How TeX macros actually work: Part 2

Part 1 Part 2 Part 3 Part 4 Part 5 Part 6

Introduction: A story in pictures

As noted in Part 1, TeX has to “read” every character within your .tex file and that process of reading is more correctly referred to as scanning. Traditionally, TeX’s input-processing (scanning) is likened to TeX having “eyes” with which to observe the input, so we’ll adopt that time-tested analogy within the graphics below.

Graphic 1: The eyes are ready

We assume that TeX has obtained some input from a .tex file and is about to process our string of characters Hello World \jobname contained within a paragraph of text. It will check each character in turn and examine its category code.

TeX's eyes ready to scan a line of text

Graphic 2: Processing category codes

In the next graphic we see, in outline (with further details below), how TeX reacts to several different category codes.
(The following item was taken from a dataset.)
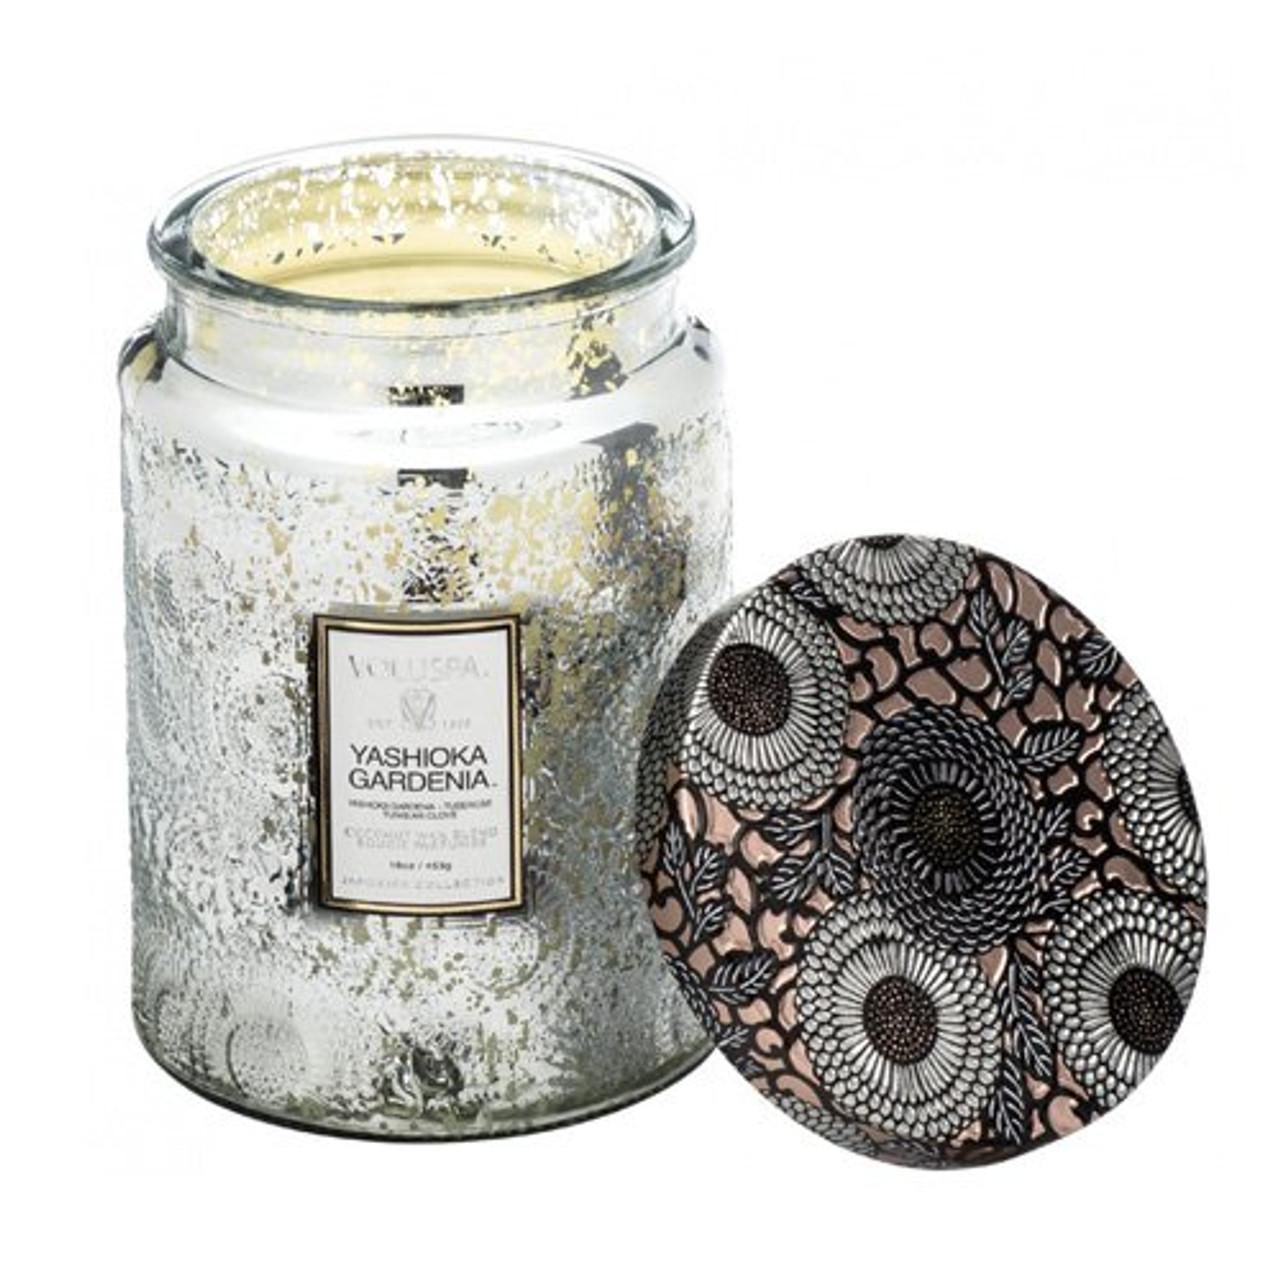 Voluspa Yashioka Gardenia Large Embossed Glass Jar Candle, 16 Ounces

Note there are 16 category codes in total but, for simplicity, we are depicting the use of just three: 11, 10 and 0. Other character codes become important during TeX’s typesetting processes such as constructing tables, typesetting mathematics and recognizing macro parameters.

TeX reacting to several different category codes

Notes for Graphic 2

Here, we are considering TeX as it is reading (scanning) characters that form part of a paragraph of text. TeX inspects every character, checks its category code and takes the appropriate action based on the category code and TeX’s “mode” (a status based on what it is currently doing).

(green eyes) TeX will see that each of those characters has category code 11 (“letter”) and will forward those characters for typesetting as part of the paragraph it is building. However, TeX does not forward (use) the character code alone but, instead it uses the pair of numbers (character code, category code) to calculate a composite integer value called a character token (see below). Once that character token is produced it enters into TeX’s inner typesetting processes/algorithms.
(blue eyes) TeX sees a space character (ASCII 32) with category code 10 (“spacers”)—note that, as discussed, it’s quite possible for the category code of a space (ASCII 32), or any character, to have been changed to another value—prior to it being read-in by TeX.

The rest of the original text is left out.